One day we found databricks DBU cost surged, but we didn’t know which ADF job caused this issue. Then I asked Azure support if any way we can track to the pipeline level. Unfortunately, they told me “ Regarding your question, please note that you can only track cost against the resource group or workspace(cluster). Unfortunately, there is no way to track Databricks cost at a job or user level.” Ok, that’s fine.
However, when I opened the cost details which exported from cost management in Azure, I found a tag column in DBU resource usage.
"ClusterId": "1210-XXXX-XXXX","DatabricksInstancePoolCreatorId": "XXXXXX","DatabricksInstancePoolId": "1025-204618-XXXXX-pool-XXXXXX","ClusterName": "job-8810145-run-1","JobId": "8810145","RunName": "ADF_df-eus-prod-01_Standard_Module_run_pipeline_935e1d13-02c5-4ae3-9441-3a414d1ad0eb","Creator": "XXXX@XXXX.com","Vendor": "Databricks","DatabricksInstanceGroupId": "-8346123XXXXX6640367"
Are these our databricks information? Maybe we can do something !? After consulting from my coworker Sai, he told me the JobID is similar to notebook run ID. Then everything could be solved since we already records everything when running notebook including ADF pipeline Id, cust information, notebook name, notebook Runid(jobId) and start-end time.
By simple SQL query to join cost csv table and log table, we can category DBU cost to each ADF pipeline.
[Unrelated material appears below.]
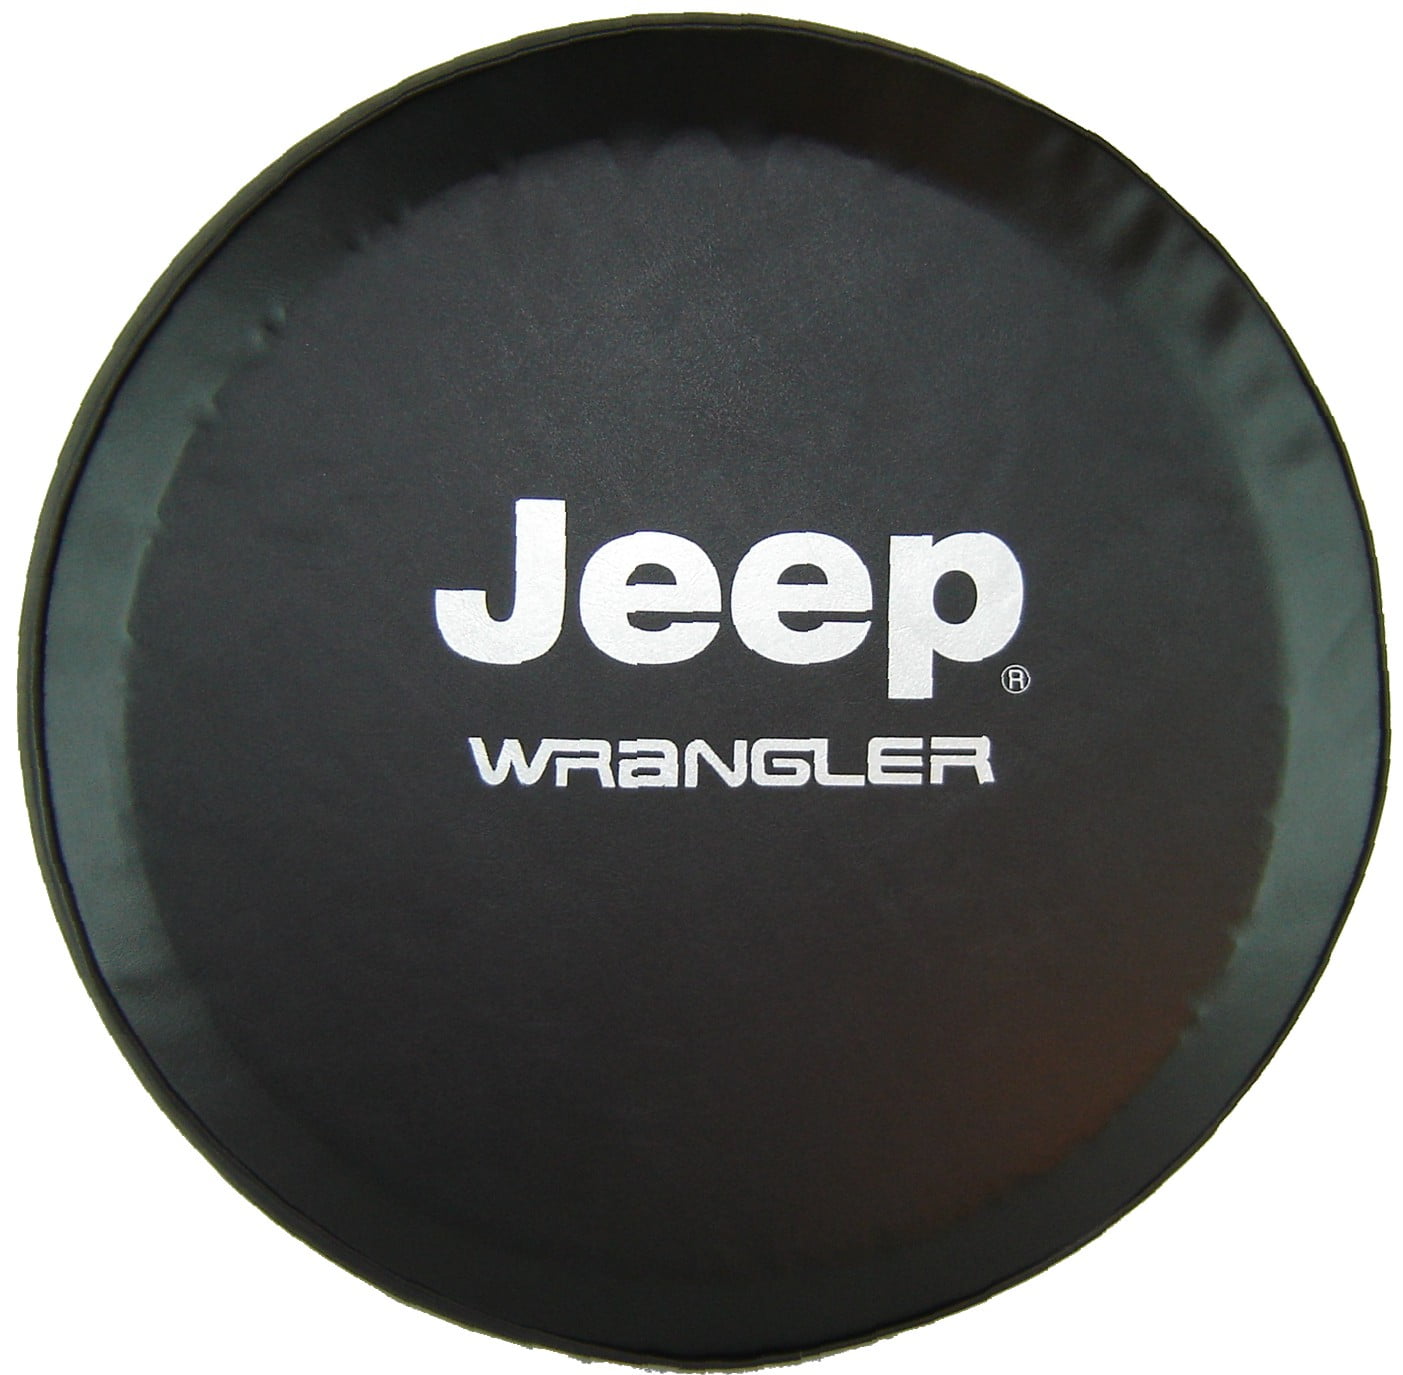 SpareCover - ABC Series Jeep Wrangler in Black on 32 inch Medium Tan Heavy  Vinyl Tire Cover - Made in USA only

select ProductName,t2.notebook_name,sum(t1.PreTaxCost) from cost_df t1 left join (select distinct notebook_name,notebook_runID,cust_name from delta.`/mnt/eus-logging/job-log-details` ) t2 on t2.notebook_runID=get_jobid(Tags) where ProductName='Azure Databricks - Premium - Jobs Compute - DBU' group by ProductName,t2.notebook_name
To go through this process, you have to log the ADF pipeline and notebook runtime information when you execute the notebook. I was doing this by add following function at the start/end of notebook.
# at beginning notebook_name = dbutils.notebook.entry_point.getDbutils().notebook().getContext().notebookPath().get() notebook_RunID = getRunID() # this is function in /Public/JOB_LOG write_log_detail(ADFRunID,cust_id,cust_name,notebook_name,notebook_RunID,startTime=str(datetime.now())) # notebook start time # at the end write_log_detail(ADFRunID,cust_id,cust_name,notebook_name,notebook_RunID,endTime=str(datetime.now())) # notebook end time
Here function write_log_detail is the one writing into delta table.
Unfortunately, I have not found the way to break down the VM cost into pipeline level, I think there should be a way. Just need be more time. will update later.